If it is rather hard for you to imagine how risky Kalamata olives are to your health, then consider these numbers:
There are 233 calories in 100g of Kalamata olives,
and 115 calories in 100g of the green ones.
So, do you still want to munch on the Greek black olives in an excessive amount at night? Despite its delicious taste, think twice and watch your intake before it is too late.
The Health Benefits of Kalamata Olives
There are a lot of Kalamata olives benefits to your health, such as:
- Preventing chronic diseases like heart attacks, cancers, and stroke
- Relieving inflammation
- Reducing your risks of Alzheimer’s disease
- Improving your heart health
- Stabilizing your blood pressure
The balanced levels of minerals, vitamins and good fats can improve your condition and prevent you from hypertension which will finally save you from coronary heart disease. If you enjoy Kalamata olives in normal portion, you will be helped to prevent type 2 diabetes.
Its phenolic compounds are antioxidants that can reduce stress and inflammation in your body. Nevertheless, due to the fruit’s high Sodium level, you have to watch your intake.
Kalamata Olives vs. Black Olives: Are They Significantly Different?
As mentioned above, Kalamata olives are often mistaken with black olives. The following are why they are different.
- Kalamatas are one of the black olive varieties, but not every black olive exists of Kalamatas.
- In size, Kalamata olives are usually bigger than black olives. Meanwhile, their tastes are richer and saltier.
- When it comes to tastes, as mentioned above, black olives are usually saltier than the Kalamata ones.
- Kalamata olives are deep (dark) purple even though people often mistook between Kalamata and black olives.
- Kalamata olives are higher in sodium, so if you have hypertension, you’d better be careful.
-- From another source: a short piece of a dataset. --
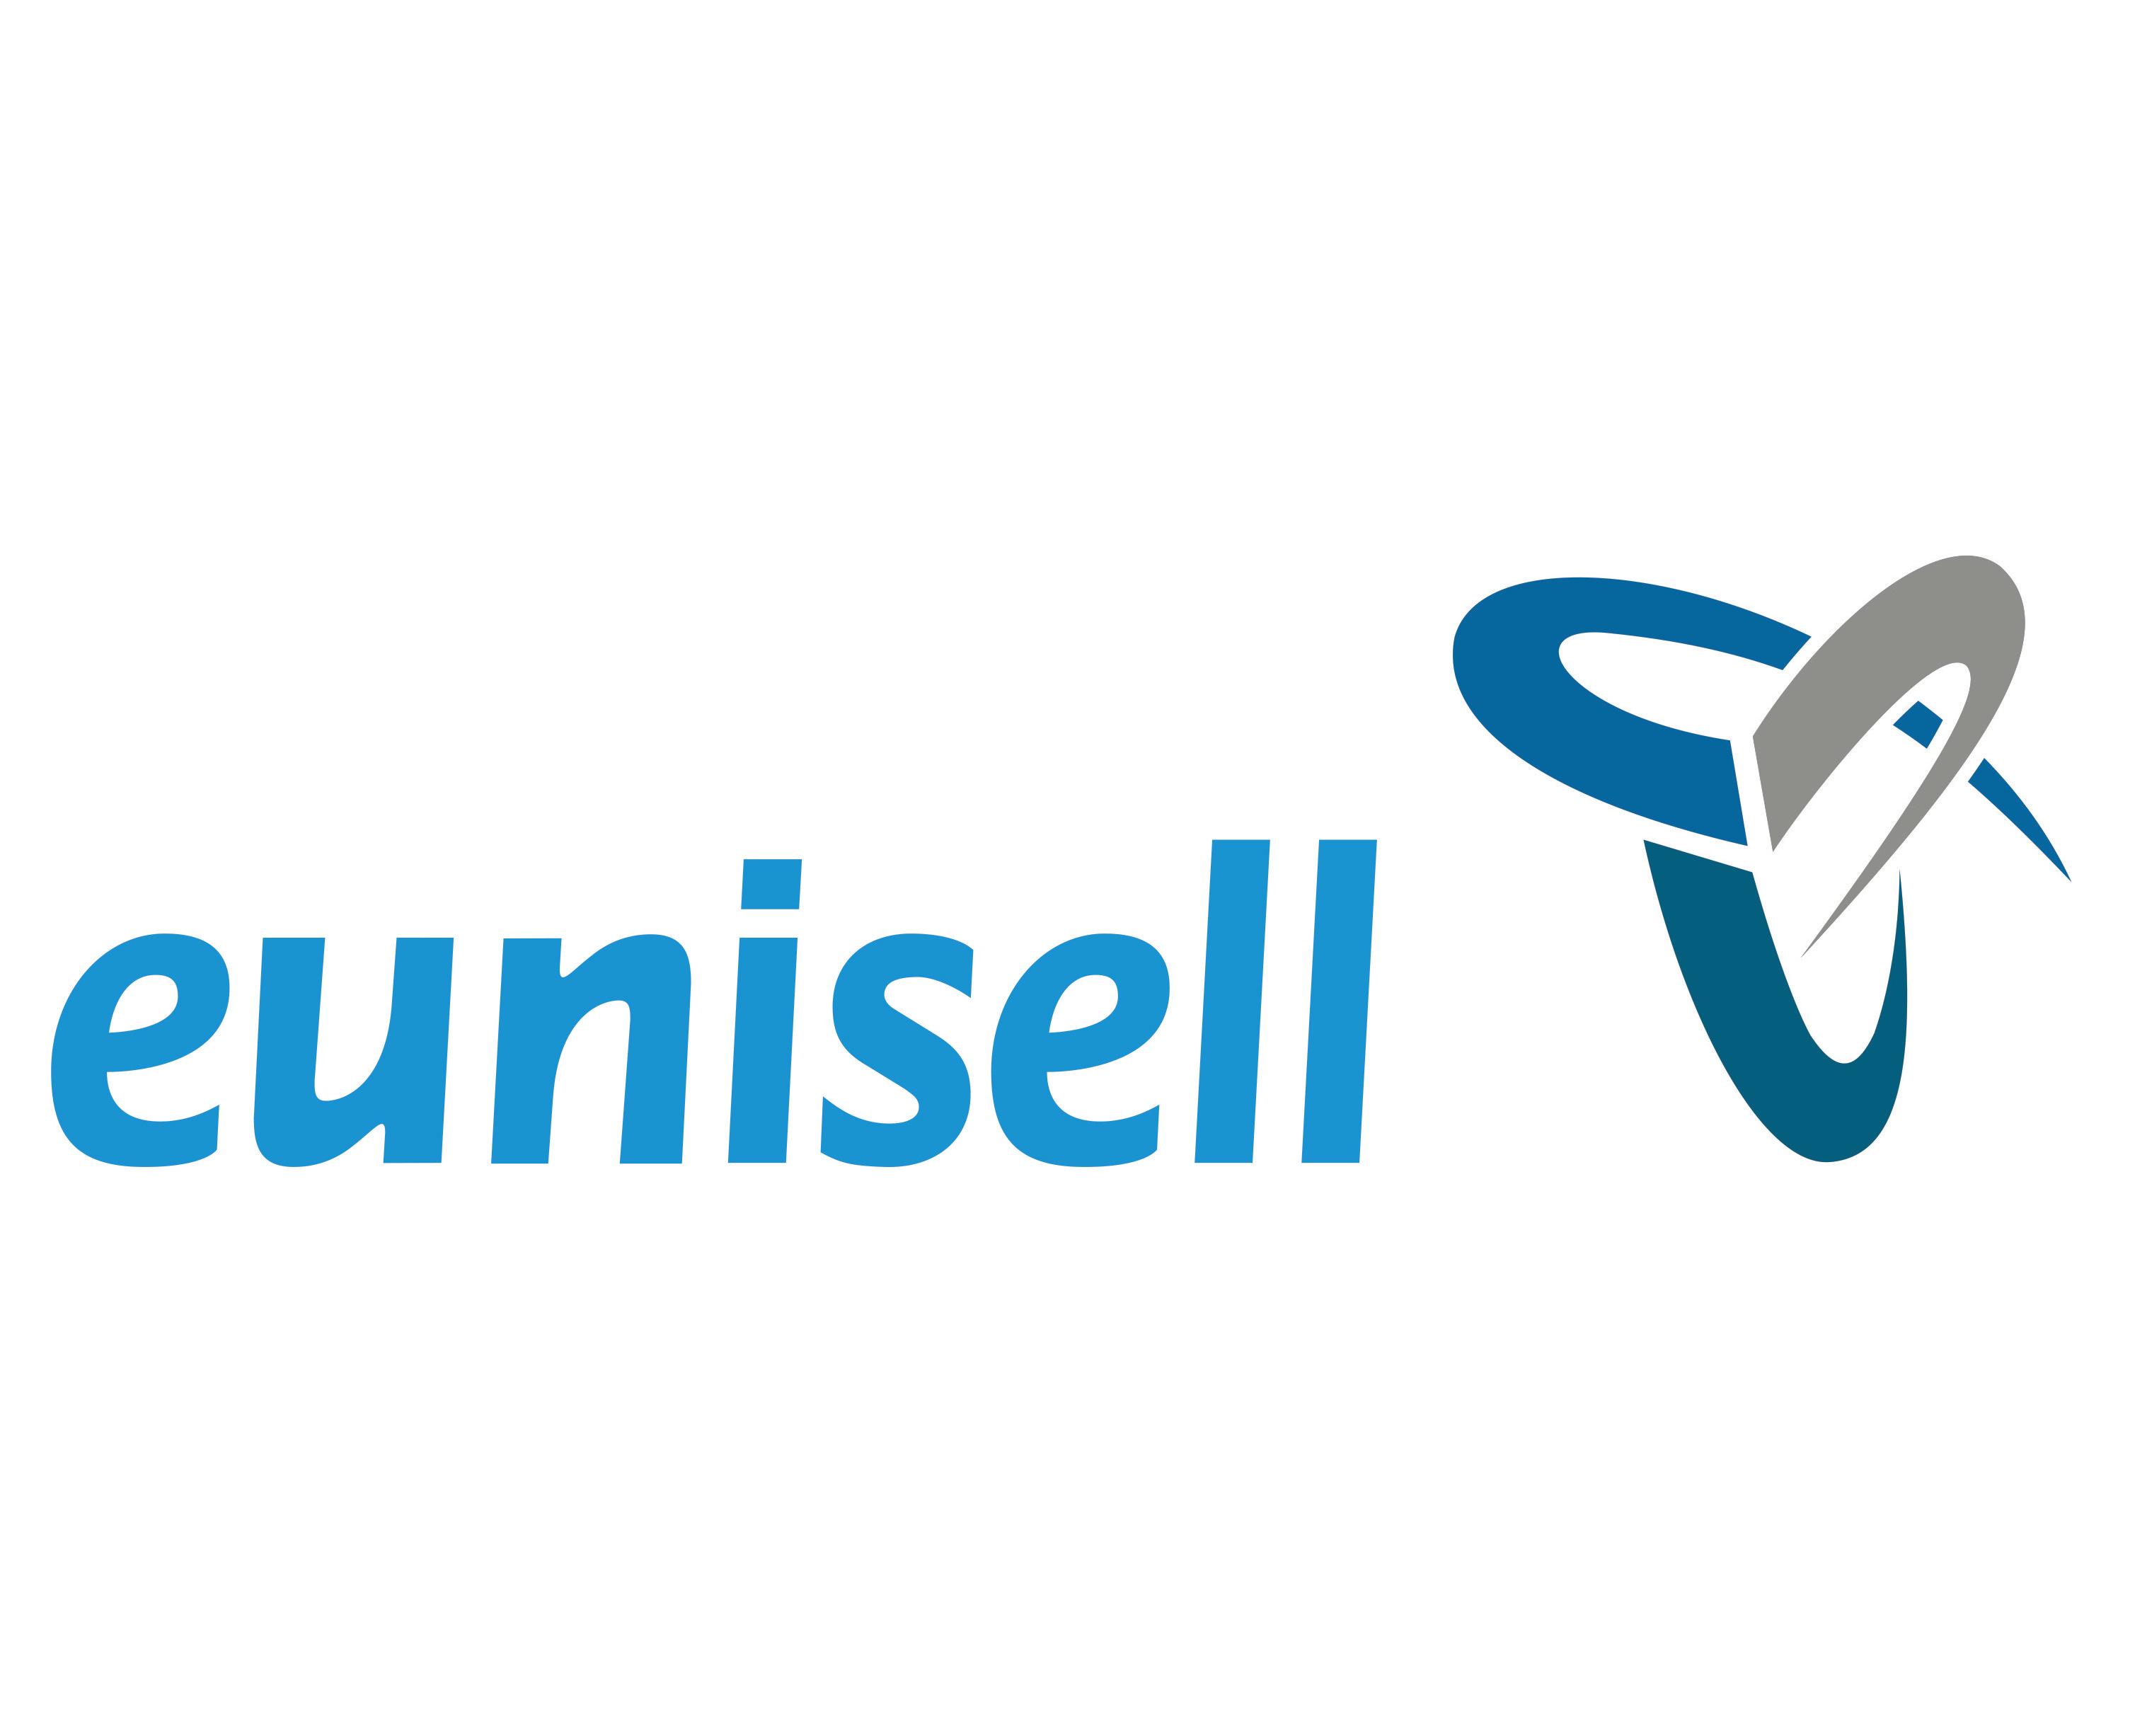 Eunisell Graduate Trainee Program 2017

Variety of Foods You Can Use Kalamata Olives On
There is a large variety of foods that involve Kalamata olives. Most people prefer to eat Kalamata olives whole, but you may use them as an element of some tasty salads, garnish/topping on your favorite pizza, or soft tapenade. You can also delicious ingredients like feta cheese in the deep purple olive. Try other meals with Kalamata olives as listed below:
Braised chicken thighs a la Greece
To make this beautiful dish, the ingredients you need are garlic, Kalamata olives, onions, herbs, white wine (optional), spices, and certainly chicken thighs.
Marinated olives and cheese
It might sound odd to some, but in countries within the Mediterranean territory, it is common—and it surprisingly tastes delicious! You only have to cover your favorite cheese and Kalamata olives in a mixed dressing of garlic, rosemary, pepper, and other kinds of herb.
Roasted chicken in mushroom cream and Kalamata olive dressing
Another luxurious, scrumptious chicken recipe that involves ingredients like fresh chicken broth, heavy cream, mushrooms, and garlic.
All about Kalamata Olive Oil
It is not a secret anymore that olive oil is a premium, healthy, and expensive product. That is because the high quality produces it is made of and the rich nutrition that makes it precious. Not to mention that the hearty oil had been a great culinary element for humans since more or less 8,000 years ago.
The taste of Kalamata olive oil tends to last for an extended period if kept in the best condition. To prevent the oil from spoiling, it is best to keep tabs on the oil stock. You might also have to keep the oil in dark-glassed bottles and store it at room temperature.
Regarding flavor, Kalamata oil is significantly different from any other types of olive oil as it tastes nuttier and fruitier. Furthermore, just like wine, the older it gets, the better it tastes. The longer properly kept, it reduces its acidity which will give your taste bud a peppery sensation.
To conclude everything up, Kalamata olives and oil are “treasure” then contribute well in the culinary world—whether you want to use it for marinating, garnishing, cooking, dressing, you name it. Cheers, and enjoy your olives!